▶ **ASSIGNMENT**: Leaving out every picture, copy the lines of the material below exactly, from the line containing "谢文杰-企业服务型初创公司中Scrum 应用实践及与OKRs的结合实践" through the line containing "ねじれ神秘的な採用2019-2020 Planner Weekly".

--- EXTRACTED DATA Enclosed Below ---

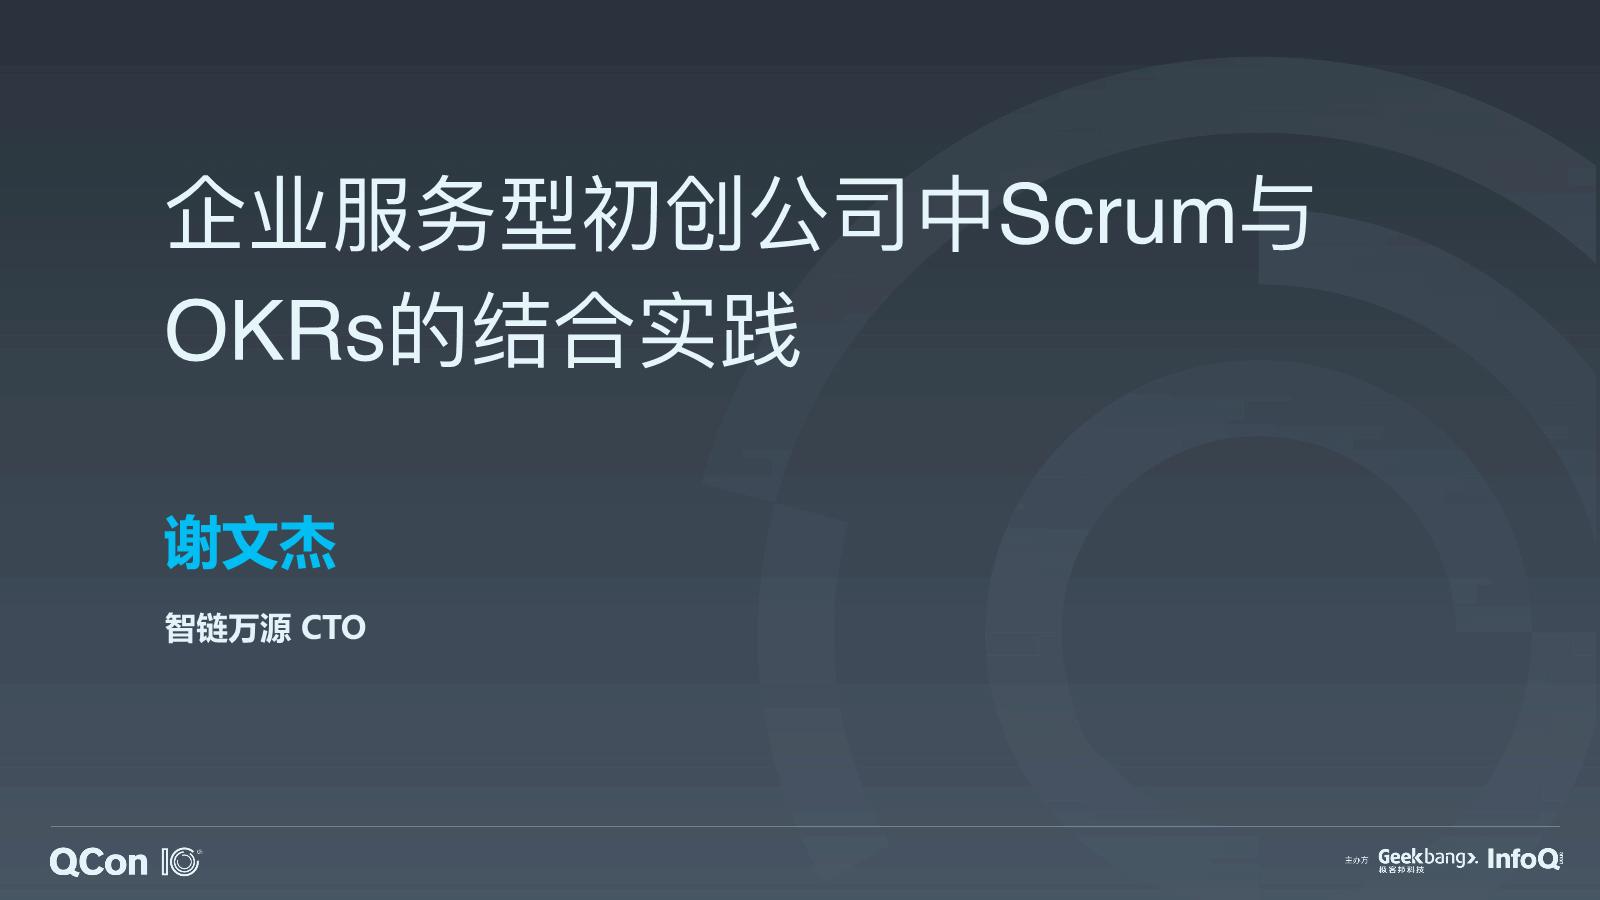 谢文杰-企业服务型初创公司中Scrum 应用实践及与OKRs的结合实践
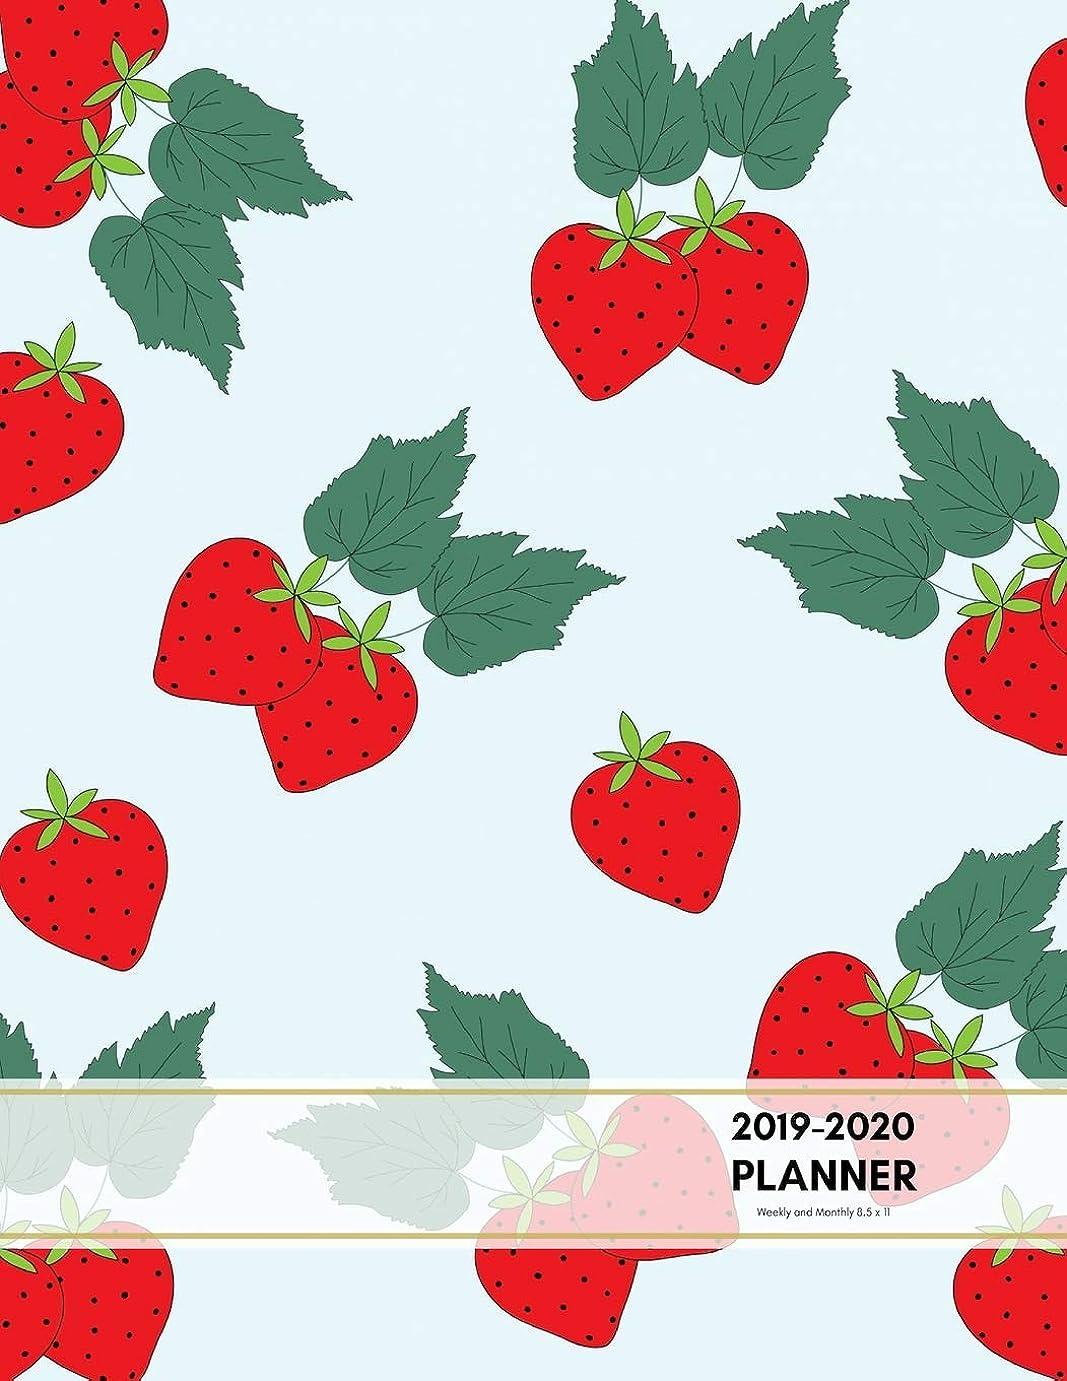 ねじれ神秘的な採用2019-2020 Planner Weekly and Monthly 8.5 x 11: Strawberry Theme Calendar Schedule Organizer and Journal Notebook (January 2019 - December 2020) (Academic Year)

--- End of Enclosed EXTRACTED DATA ---
--- EXTRACTED DATA Enclosed Below ---

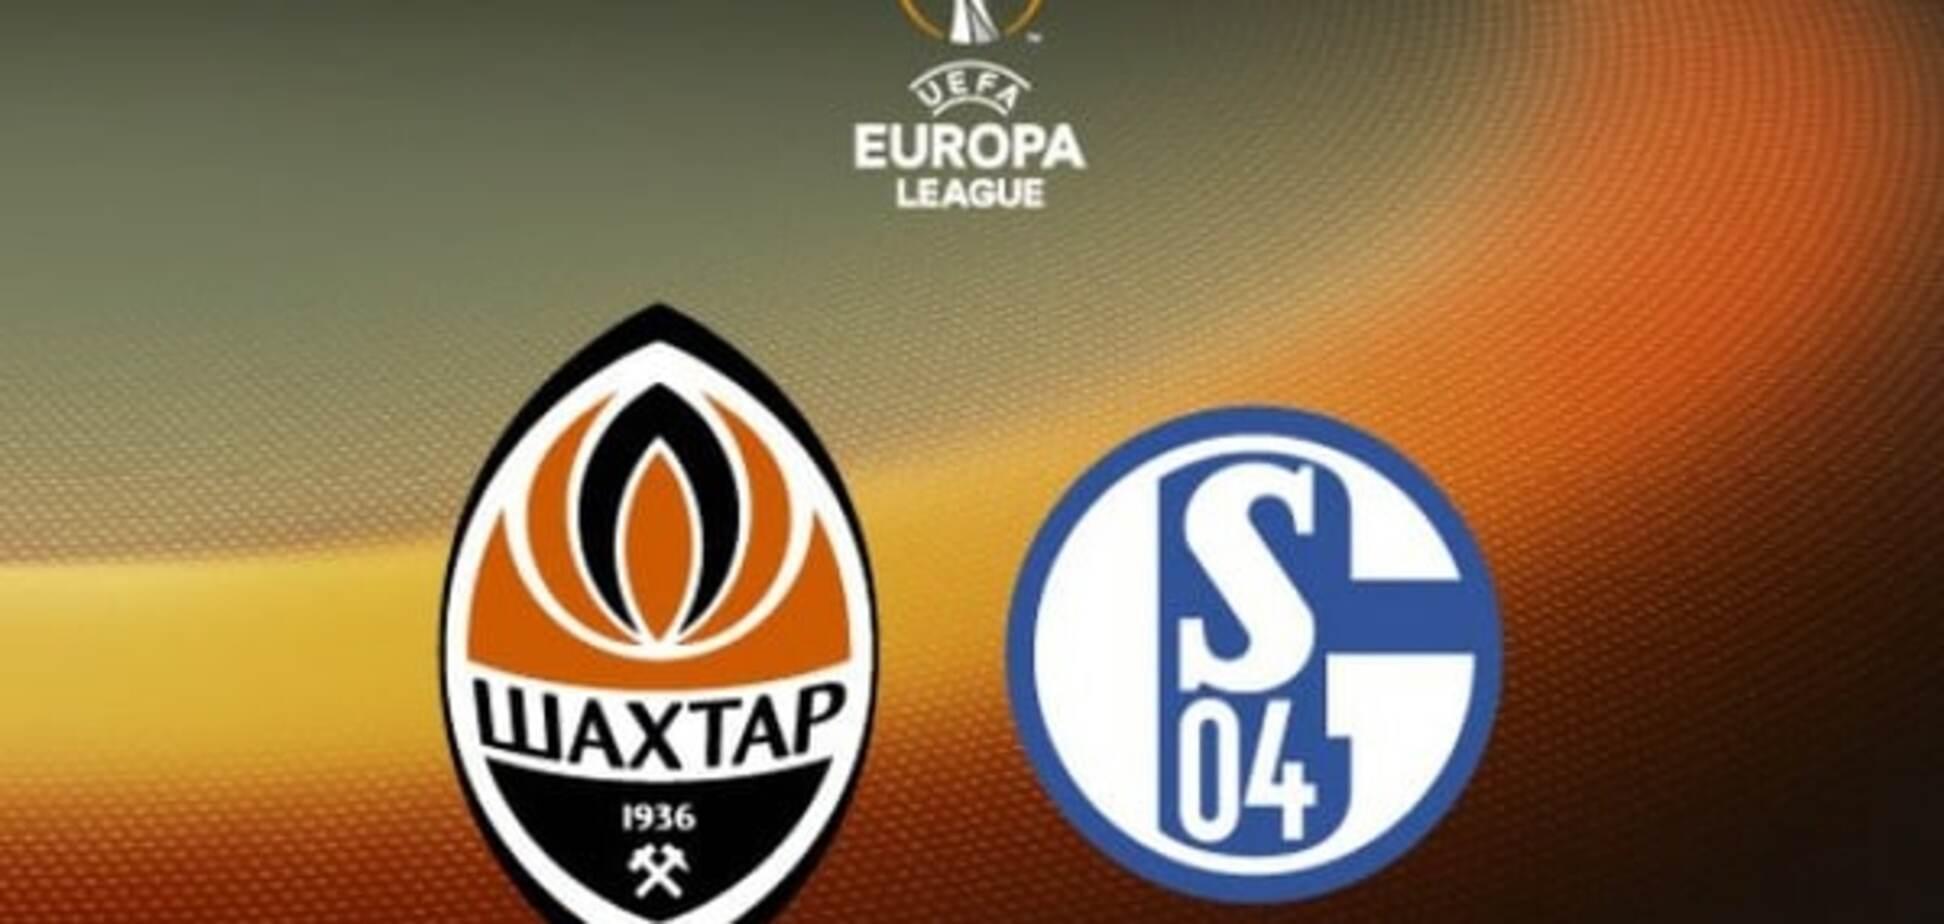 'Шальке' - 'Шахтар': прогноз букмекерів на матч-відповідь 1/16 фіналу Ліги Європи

--- End of Enclosed EXTRACTED DATA ---

▶ **EXPECTED OUTPUT**:
 谢文杰-企业服务型初创公司中Scrum 应用实践及与OKRs的结合实践
 ねじれ神秘的な採用2019-2020 Planner Weekly and Monthly 8.5 x 11: Strawberry Theme Calendar Schedule Organizer and Journal Notebook (January 2019 - December 2020) (Academic Year)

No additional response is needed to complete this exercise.